Conclusions: Our analysis demonstrates that COVES is independently associated with good and excellent functional outcomes at 90 days in minor AIS-LVO cases. Further prospective studies are needed to better understand the role of COVES in determining optimal management strategies for these patients.

Abbreviations: CS: Collateral status; COVES: Cortical vein opacification score; MT: mechanical thrombectomy; IVT: intravenous thrombolysis; NIHSS: National Institutes of Health Stroke Scale.

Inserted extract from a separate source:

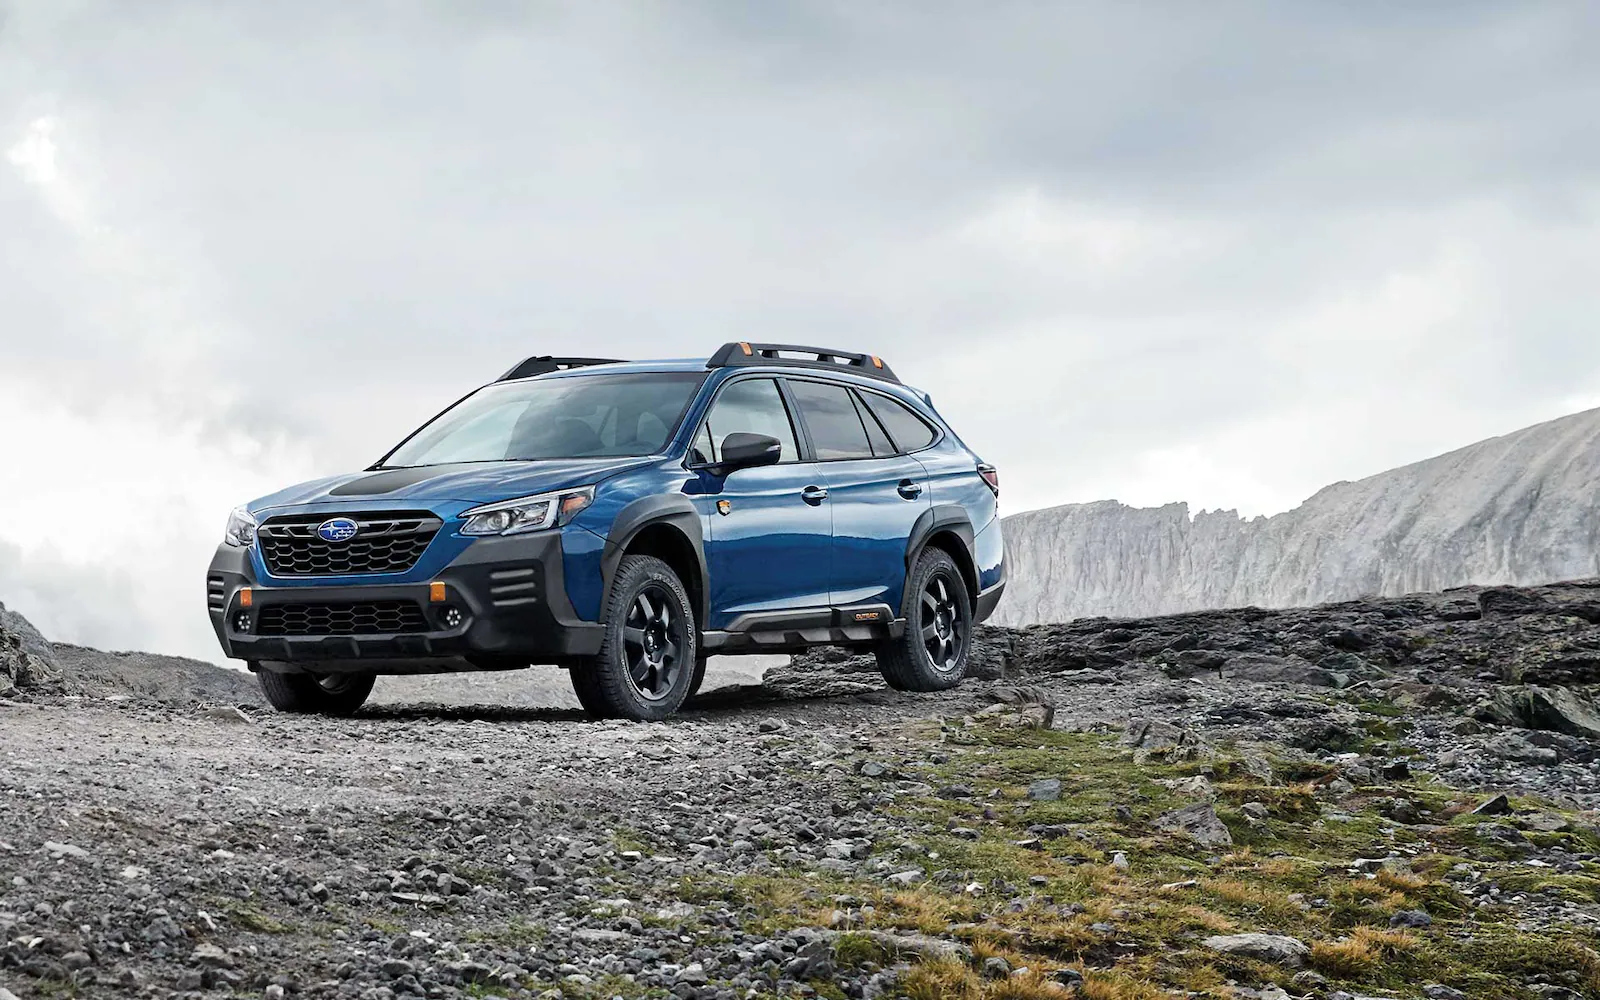 Side angled view of a blue Subaru Outback Wilderness parked on rocky terrain

皮质静脉混浊评分(COVES)与轻度卒中前循环大血管闭塞患者90天的良好和优异功能预后独立相关:一项多中心研究。
背景:对于继发于大血管闭塞(AIS-LVO)和轻微中风的急性缺血性卒中患者的最合适的紧急治疗方法,目前还没有达成共识。这些患者被排除在先前评估LVO机械取栓(MT)疗效的随机对照试验之外,这使得确定最佳治疗方法具有挑战性。因此,识别能够预测功能结局的标志物对于鉴别这些患者是否患有MT非常重要。本研究旨在研究预处理临床和影像学标志物及其与轻度AIS- LVO患者90天功能结局的关系。方法:我们纳入了来自北美和欧洲四个地区的AIS-LVO和轻微卒中患者。轻度脑卒中定义为基线美国国立卫生研究院脑卒中量表(NIHSS)评分≤5分。主要结局指标,良好的功能结局,定义为90天时修改的Rankin量表(mRS)评分0-2分。次要结局,良好的功能结局,定义为90天mRS评分0-1。单变量和多变量logistic回归分析以及受试者工作特征(ROC)曲线分析。结果:在168例连续轻度卒中患者中,123例患者在90天功能预后良好,103例患者功能预后良好。皮质静脉混浊评分(COVES)与优秀和良好的功能预后均独立相关,而其他CT、CTA或CTP标记与这些预后均无显著相关性。COVES的ROC分析显示,预测良好功能预后的曲线下面积(AUC)为0.638 (95% CI: 0.517-0.759, p = 0.026),预测良好功能预后的曲线下面积(AUC)为0.689 (95% CI: 0.537-0.741, p = 0.008)。在接受机械取栓(MT)的亚组患者中也观察到类似的结果。有趣的是,静脉溶栓(IVT)和机械取栓(MT)都与功能预后无关。结论:我们的分析表明,在轻度AIS-LVO病例中,COVES与90天的良好和优异的功能预后独立相关。需要进一步的前瞻性研究来更好地了解COVES在确定这些患者的最佳管理策略中的作用。缩写词:CS:抵押品状态;COVES:皮质静脉混浊评分;MT:机械取栓;IVT:静脉溶栓;NIHSS:美国国立卫生研究院卒中量表。
本文章由计算机程序翻译,如有差异,请以英文原文为准。